TASK GOAL >>
Could you retype exactly the lines running from the line with "Remeha-Broag Quinta 115" to the end of the data, both included, and nothing else?

MATERIALS PROVIDED >>
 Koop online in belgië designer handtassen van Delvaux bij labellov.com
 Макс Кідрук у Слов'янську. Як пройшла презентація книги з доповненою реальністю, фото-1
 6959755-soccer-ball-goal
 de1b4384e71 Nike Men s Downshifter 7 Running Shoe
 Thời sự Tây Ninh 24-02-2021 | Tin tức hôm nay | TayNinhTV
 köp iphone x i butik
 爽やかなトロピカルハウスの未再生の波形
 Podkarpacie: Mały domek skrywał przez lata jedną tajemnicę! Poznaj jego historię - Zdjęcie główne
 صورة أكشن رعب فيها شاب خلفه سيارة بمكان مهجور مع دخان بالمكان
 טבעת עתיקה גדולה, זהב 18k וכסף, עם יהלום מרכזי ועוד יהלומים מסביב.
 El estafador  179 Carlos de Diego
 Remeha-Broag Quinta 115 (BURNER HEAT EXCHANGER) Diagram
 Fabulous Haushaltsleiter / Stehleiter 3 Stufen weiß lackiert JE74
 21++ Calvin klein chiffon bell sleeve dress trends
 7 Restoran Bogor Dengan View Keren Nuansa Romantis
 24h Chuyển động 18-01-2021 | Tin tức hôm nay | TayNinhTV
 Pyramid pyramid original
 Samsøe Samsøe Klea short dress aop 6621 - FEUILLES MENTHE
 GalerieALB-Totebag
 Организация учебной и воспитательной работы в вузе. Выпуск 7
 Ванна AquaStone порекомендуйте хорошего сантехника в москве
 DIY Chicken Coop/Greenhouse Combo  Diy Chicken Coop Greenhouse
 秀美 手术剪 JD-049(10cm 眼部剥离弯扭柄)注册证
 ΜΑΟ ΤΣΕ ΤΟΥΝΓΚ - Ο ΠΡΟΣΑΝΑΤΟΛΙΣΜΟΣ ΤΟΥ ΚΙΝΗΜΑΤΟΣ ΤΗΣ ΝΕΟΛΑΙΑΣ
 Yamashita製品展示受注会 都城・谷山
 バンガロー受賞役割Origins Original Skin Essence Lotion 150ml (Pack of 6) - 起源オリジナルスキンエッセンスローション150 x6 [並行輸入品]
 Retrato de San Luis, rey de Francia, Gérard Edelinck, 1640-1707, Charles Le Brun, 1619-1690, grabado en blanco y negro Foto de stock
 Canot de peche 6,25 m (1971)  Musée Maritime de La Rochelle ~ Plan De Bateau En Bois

PROBLEM SOLUTION >>
 Remeha-Broag Quinta 115 (BURNER HEAT EXCHANGER) Diagram
 Fabulous Haushaltsleiter / Stehleiter 3 Stufen weiß lackiert JE74
 21++ Calvin klein chiffon bell sleeve dress trends
 7 Restoran Bogor Dengan View Keren Nuansa Romantis
 24h Chuyển động 18-01-2021 | Tin tức hôm nay | TayNinhTV
 Pyramid pyramid original
 Samsøe Samsøe Klea short dress aop 6621 - FEUILLES MENTHE
 GalerieALB-Totebag
 Организация учебной и воспитательной работы в вузе. Выпуск 7
 Ванна AquaStone порекомендуйте хорошего сантехника в москве
 DIY Chicken Coop/Greenhouse Combo  Diy Chicken Coop Greenhouse
 秀美 手术剪 JD-049(10cm 眼部剥离弯扭柄)注册证
 ΜΑΟ ΤΣΕ ΤΟΥΝΓΚ - Ο ΠΡΟΣΑΝΑΤΟΛΙΣΜΟΣ ΤΟΥ ΚΙΝΗΜΑΤΟΣ ΤΗΣ ΝΕΟΛΑΙΑΣ
 Yamashita製品展示受注会 都城・谷山
 バンガロー受賞役割Origins Original Skin Essence Lotion 150ml (Pack of 6) - 起源オリジナルスキンエッセンスローション150 x6 [並行輸入品]
 Retrato de San Luis, rey de Francia, Gérard Edelinck, 1640-1707, Charles Le Brun, 1619-1690, grabado en blanco y negro Foto de stock
 Canot de peche 6,25 m (1971)  Musée Maritime de La Rochelle ~ Plan De Bateau En Bois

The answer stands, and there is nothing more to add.